Kansas loves them some voter fraud hysteria. From going to the Supreme Court to try and make doubly-sure that non-citizens can’t vote in their elections to setting up a voter fraud website where citizens can report every kind of voter fraud except the kinds that have actually happened in the state, Kansas is on the forefront of voter fraud readiness and protection.
Except, perhaps, when it comes to the machines they use to record their votes.
According to the Wichita Eagle, Wichita State mathematician Beth Clarkson has found irregularities in election returns from Sedgwick County, along with other counties throughout the United States, but has faced stiff opposition from the state in trying to confirm whether the irregularities are fraud or other, less-nefarious anomalies.

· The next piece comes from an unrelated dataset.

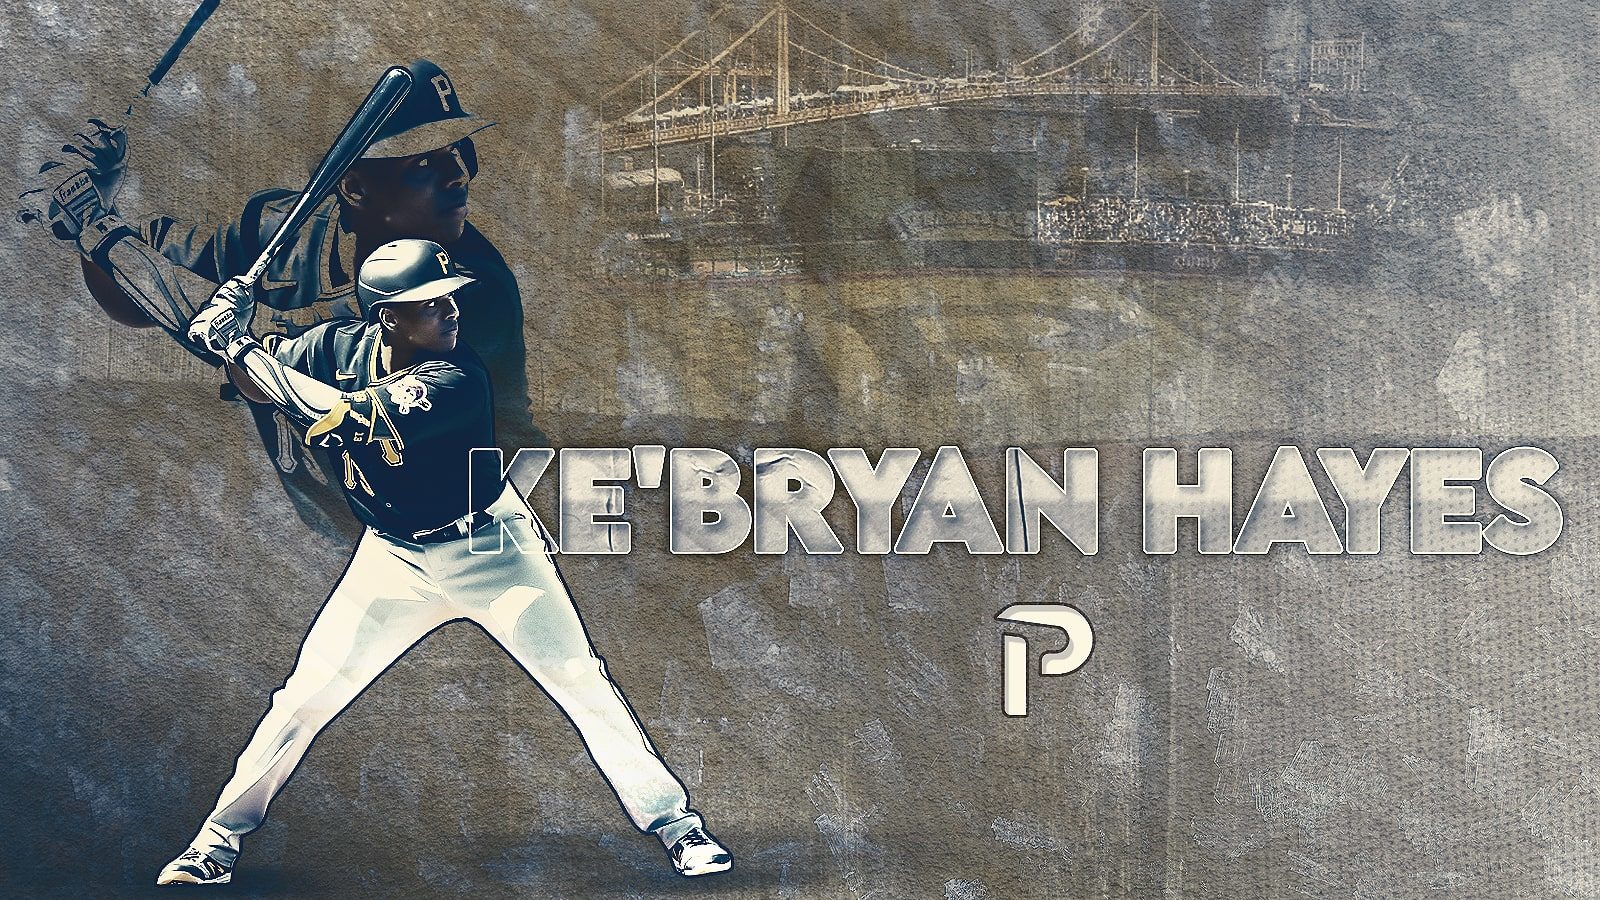 A closer look at Ke'Bryan Hayes' plate struggles this season

Analyzing election returns at a precinct level, Clarkson found that candidate support was correlated, to a statistically significant degree, with the size of the precinct. In Republican primaries, the bias has been toward the establishment candidates over tea partiers. In general elections, it has favored Republican candidates over Democrats, even when the demographics of the precincts in question suggested that the opposite should have been true.
Clarkson’s interest in election returns was piqued by a 2012 paper released by analysts Francois Choquette and James Johnson showing the same pattern of election returns, which
favor establishment Republican candidates in primaries and general elections. The irregularities are isolated to precincts that use “Central Tabulator” voting machines — machines that have previously been shown to be vulnerable to hacking. The effects are significant and widespread: According to their analysis, Mitt Romney could have received over a million extra votes in the 2012 Republican primary, mostly coming at the expense of Rick Santorum and Newt Gingrich. President Obama also ceded significant votes to John McCain due to this irregularity, as well.
You can read the paper in full here.
While Clarkson has found the same statistical irregularity in a number of localities, her efforts to confirm whether they amount to fraud have been centered on Sedgwick County, Kansas, due to the locality’s use of Real Time Voting Machine Paper Tapes, which provide a paper trail that other localities don’t have. However, her efforts to verify Sedgwick County’s election returns have been repeatedly shut down.
She first requested a recount of the 2013 election, but the timeframe in which a recount could have been requested had passed. She then requested the machines’ computer records from the Sedgwick County registrar, which told her to kindly shove off and sue Secretary of State Kris Kobach if she wanted the records so badly.
When Clarkson initially filed her lawsuit requesting the paper records from the voting machines, her suit was denied because a judge ruled that the paper records constituted ballots, shielding them from the state’s open records law. This ruling is suspect at best, given that the paper records do not have voters’ names assigned to them; they only record when and how a ballot was cast for recount purposes.
She then sought a court order giving her access to a sample of voting records in order to check voting machines’ error rates. This order was ignored by the Secretary of State’s office, despite their being legally required to respond to her within 30 days. The office later said that they didn’t realize they had received her request.
Given Kansas’s professed diehard commitment to combatting election fraud, one would think that they would be all for analysis into whether the integrity of their elections have been compromised. Apparently you’d be wrong.
Correction: The original title of this post referred to the bias in election returns as “voter fraud.” As the allegation of fraud is not against individual voters, but rather administrators of elections, “election fraud” is correct. This change has been made where appropriate.